New state-of-the-art digital grid lab and updated curriculum will prepare students for today’s new energy workforce
Siemens and Case Western Reserve University have formed a new academic partnership to provide students with the skills needed to operate and advance the nation’s energy grid.
The power grid, faced with the growth of renewable energy and the threat of outages from extreme weather, is becoming more reliant than ever on intelligent, digital technologies to smoothly operate the country’s critical infrastructure.
A new academic track will prepare students for this shifting energy landscape by providing them with both new classroom curriculum and hands-on learning via real-world software and hardware tools in a new state-of-the-art Digital Grid Lab. The total value of the partnership is about $1.2 million, including in-kind and monetary gifts.

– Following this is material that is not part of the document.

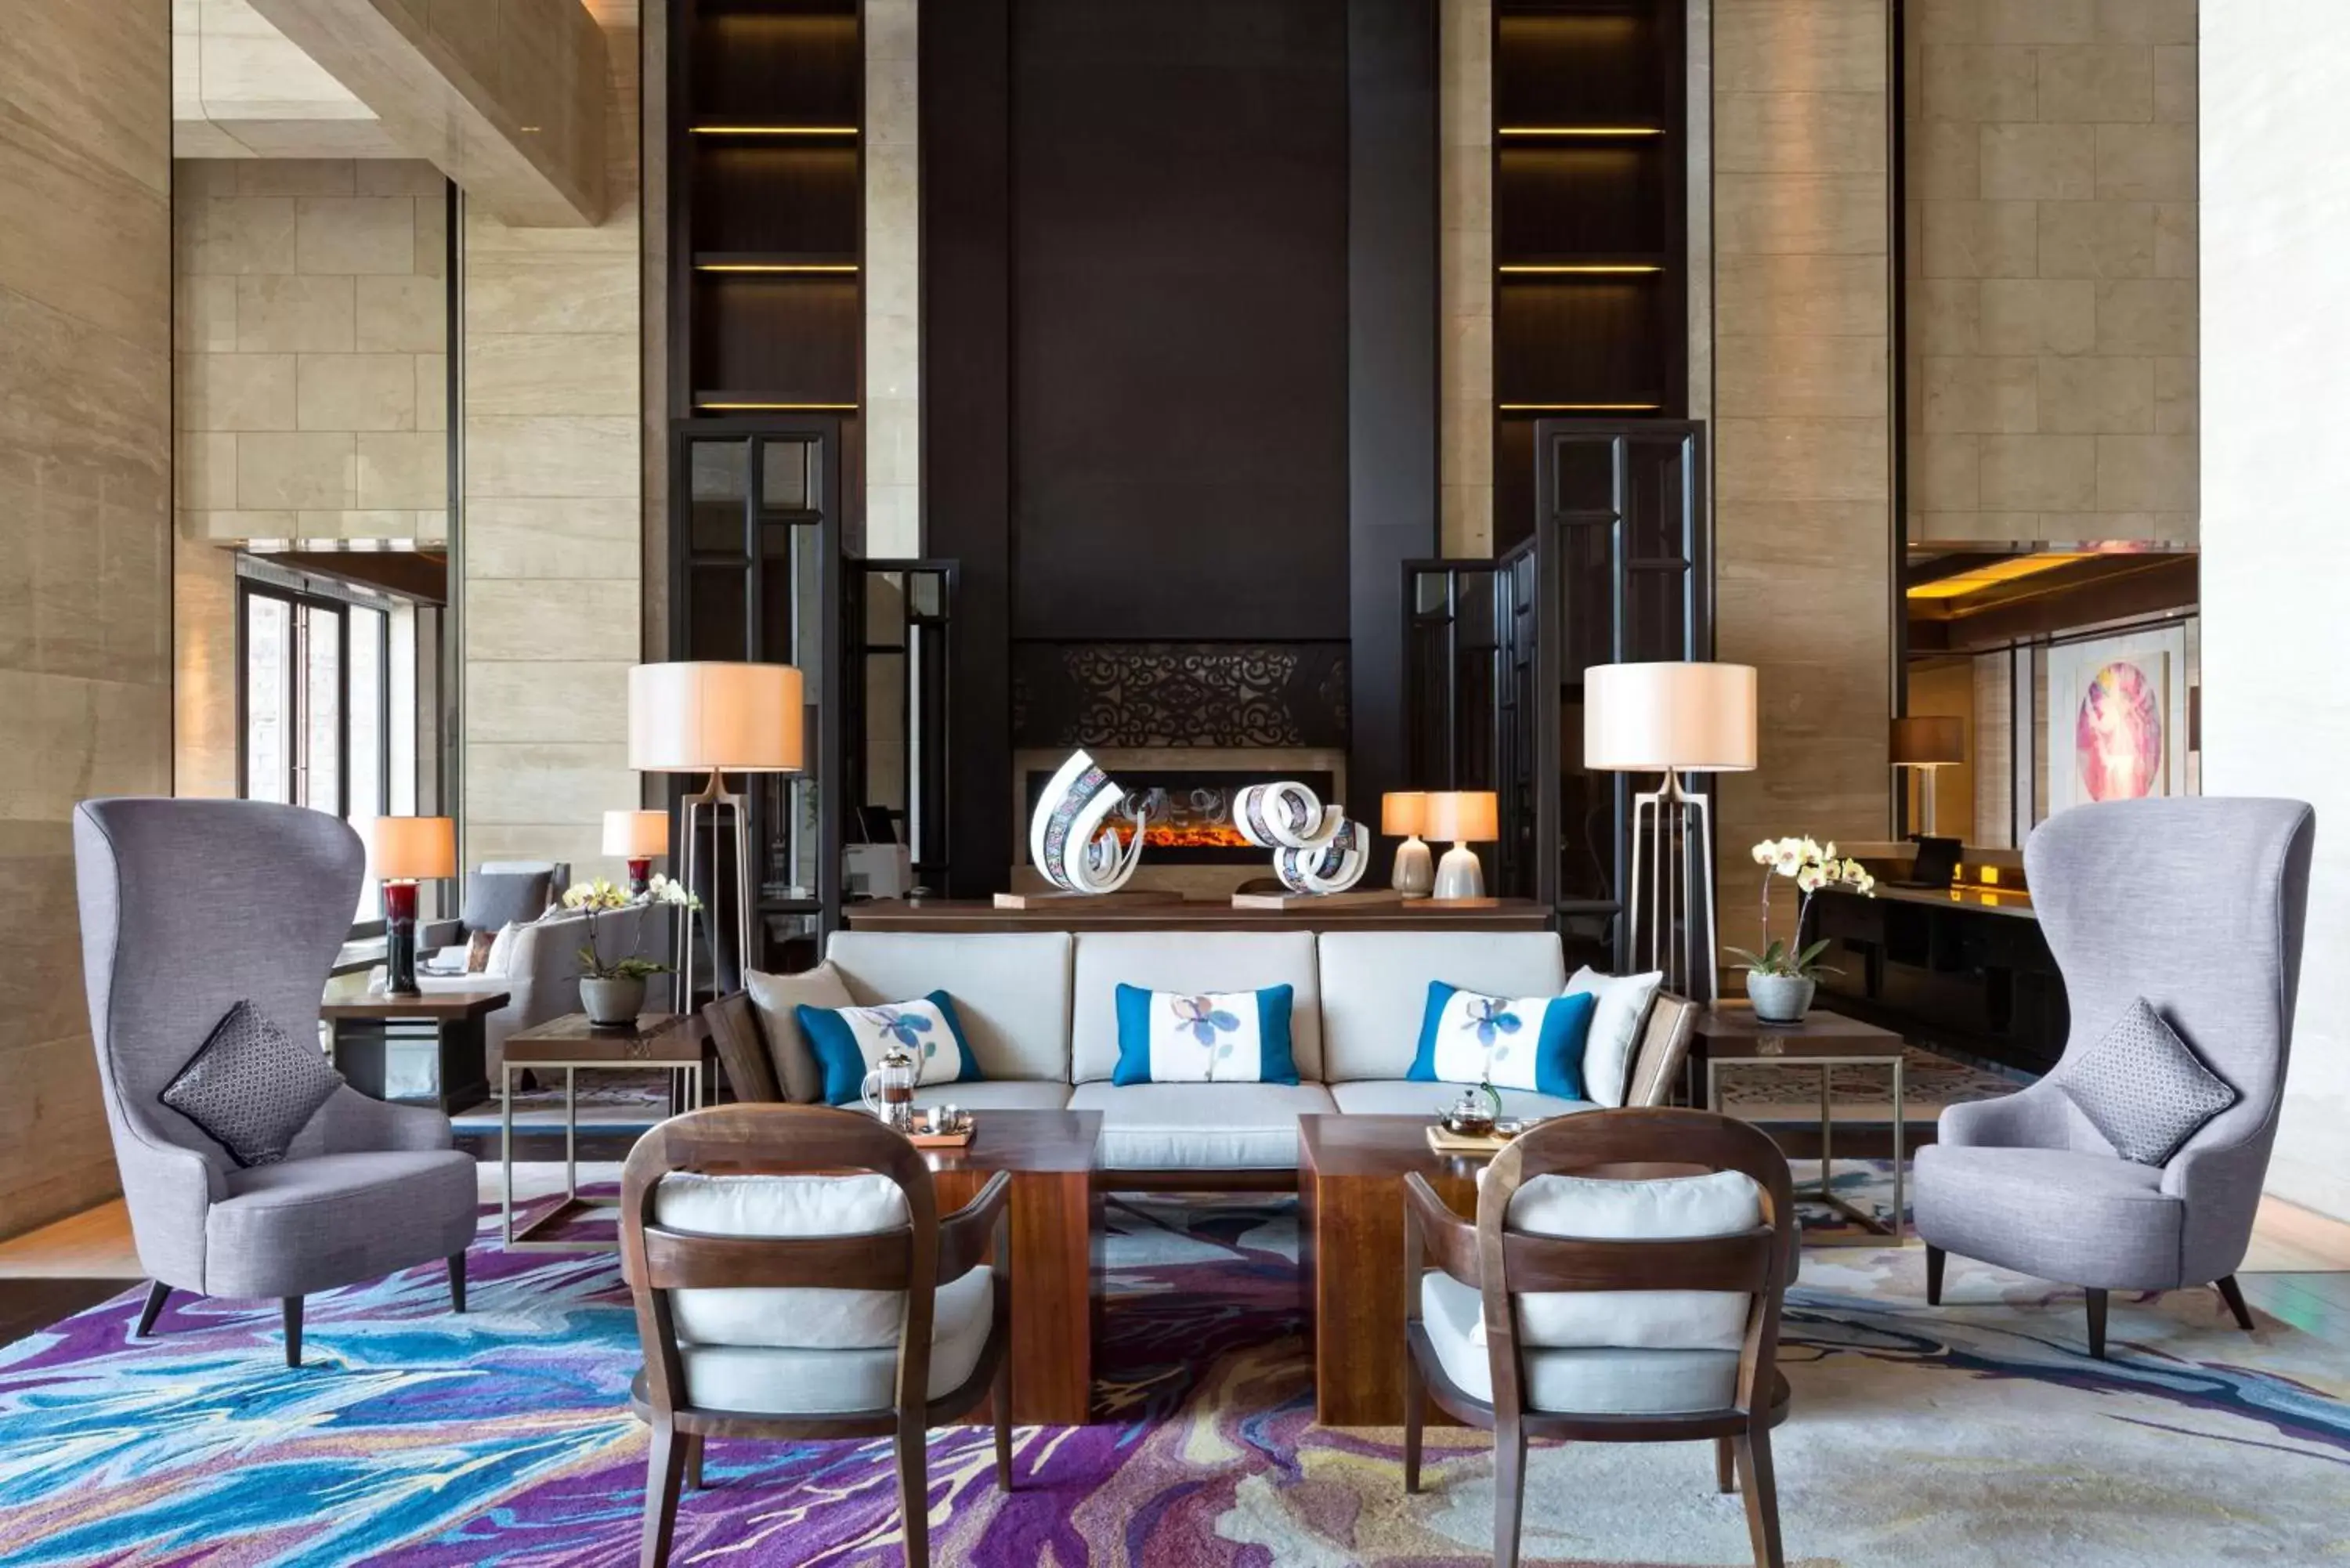 Lobby or reception in Hilton Dali Resort & Spa

Siemens is working with the Case School of Engineering’s Department of Electrical Engineering and Computer Science to develop this experiential learning curriculum that will better educate students to address the needs of a 21st-century power grid.

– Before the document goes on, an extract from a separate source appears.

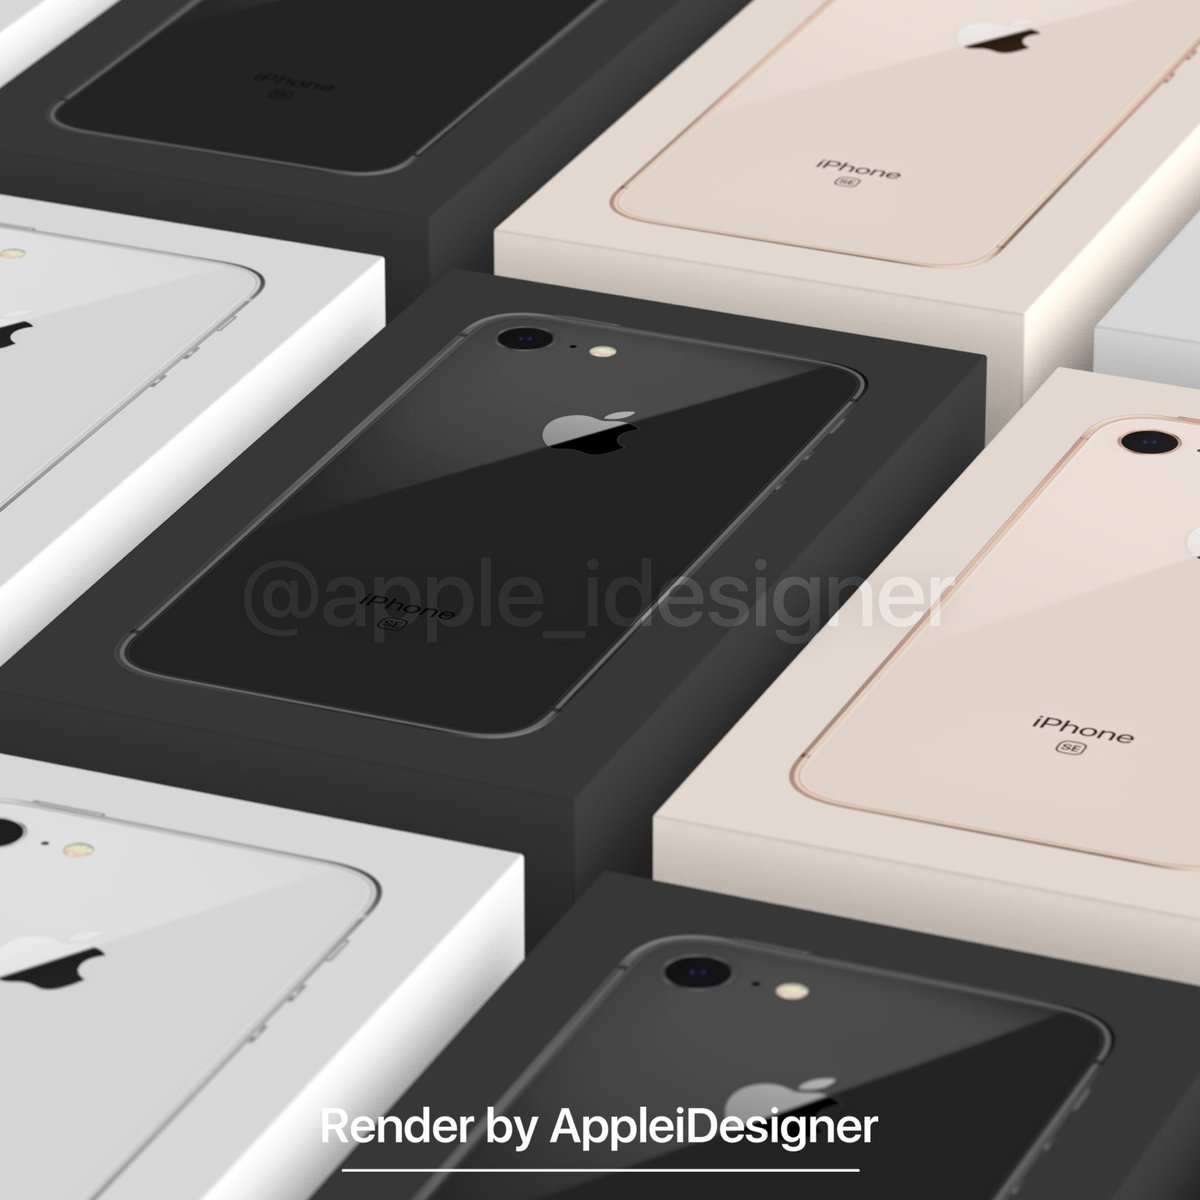 新たに、iPhone SE2 のパッケージデザインのレンダリング画像が

The new Siemens Digital Grid Lab was officially dedicated at 11 a.m. today and will give students hands-on experience with real-world digital grid software and hardware already hard at work at some of the largest utilities across the country.

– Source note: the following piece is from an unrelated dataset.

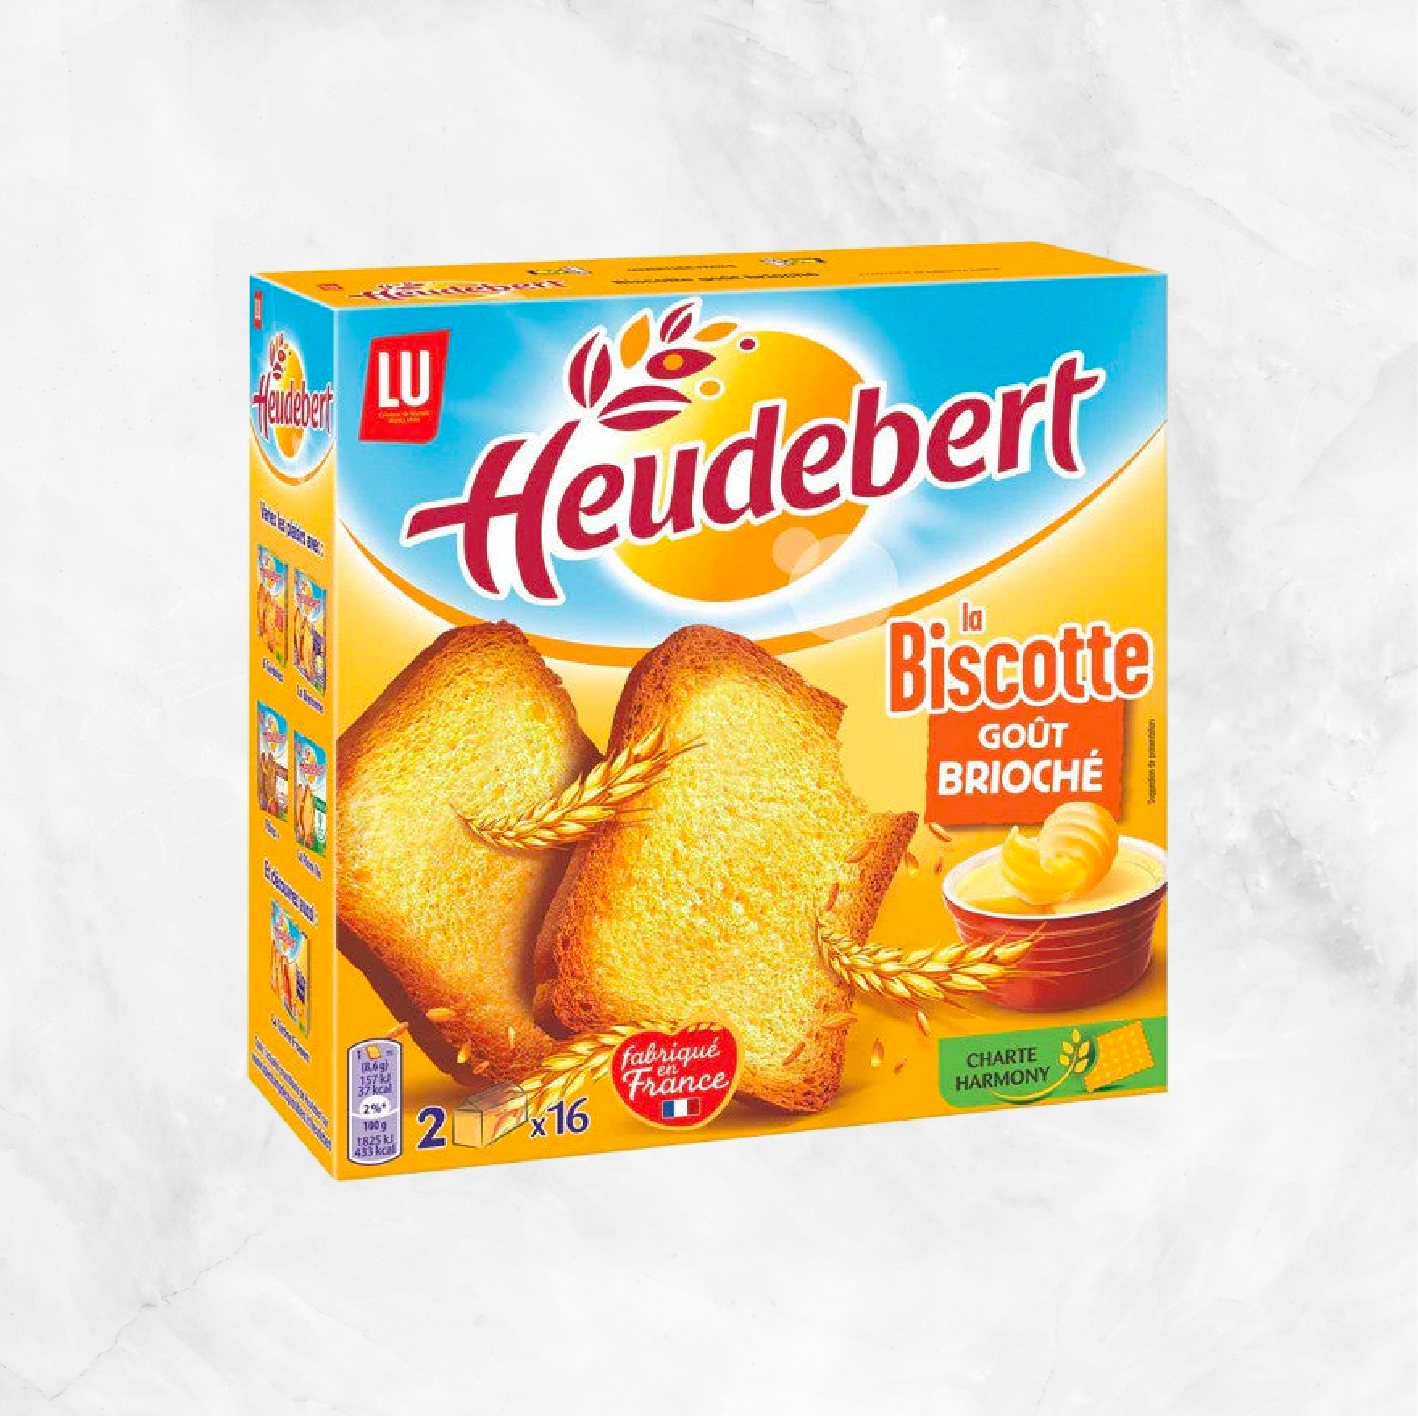 Heudebert Biscottes Brioche

The training the students will receive in the living lab includes operating software that helps identify outages within milliseconds—so the grid can quickly recover from hurricanes or natural disasters—and managing an advanced distribution management system that can balance the addition of renewable generation like wind and solar power on the grid.
“This exciting academic partnership with Siemens allows us to fulfill one of our most fundamental missions—the training of the next generation of students in an area of national need—and, importantly, it allows us to do so in an experiential, hands-on way utilizing the most current platforms,” said Venkataramanan “Ragu” Balakrishnan, the Charles H. Phipps Dean of the Case School of Engineering.
“This approach will undoubtedly uncover new research challenges, not only in the area of the digital grid, but also in many related areas, ranging from energy generation, storage and distribution to economic and public policy,” he said. “Thus, the partnership will have enormous positive impact in our quest to be the exemplar private urban university with global reach.”
Updated classes also will be offered across several focus areas including the advanced control of energy systems, reliability engineering and power-system analysis, among others.
“In order to train the next-generation energy workforce, we understand that it can’t be done alone,” said Mike Carlson, president of Siemens Digital Grid, North America. “There must be a focus on building training initiatives across stakeholders, which is why we’ve partnered with Case Western Reserve University on this important digital grid program.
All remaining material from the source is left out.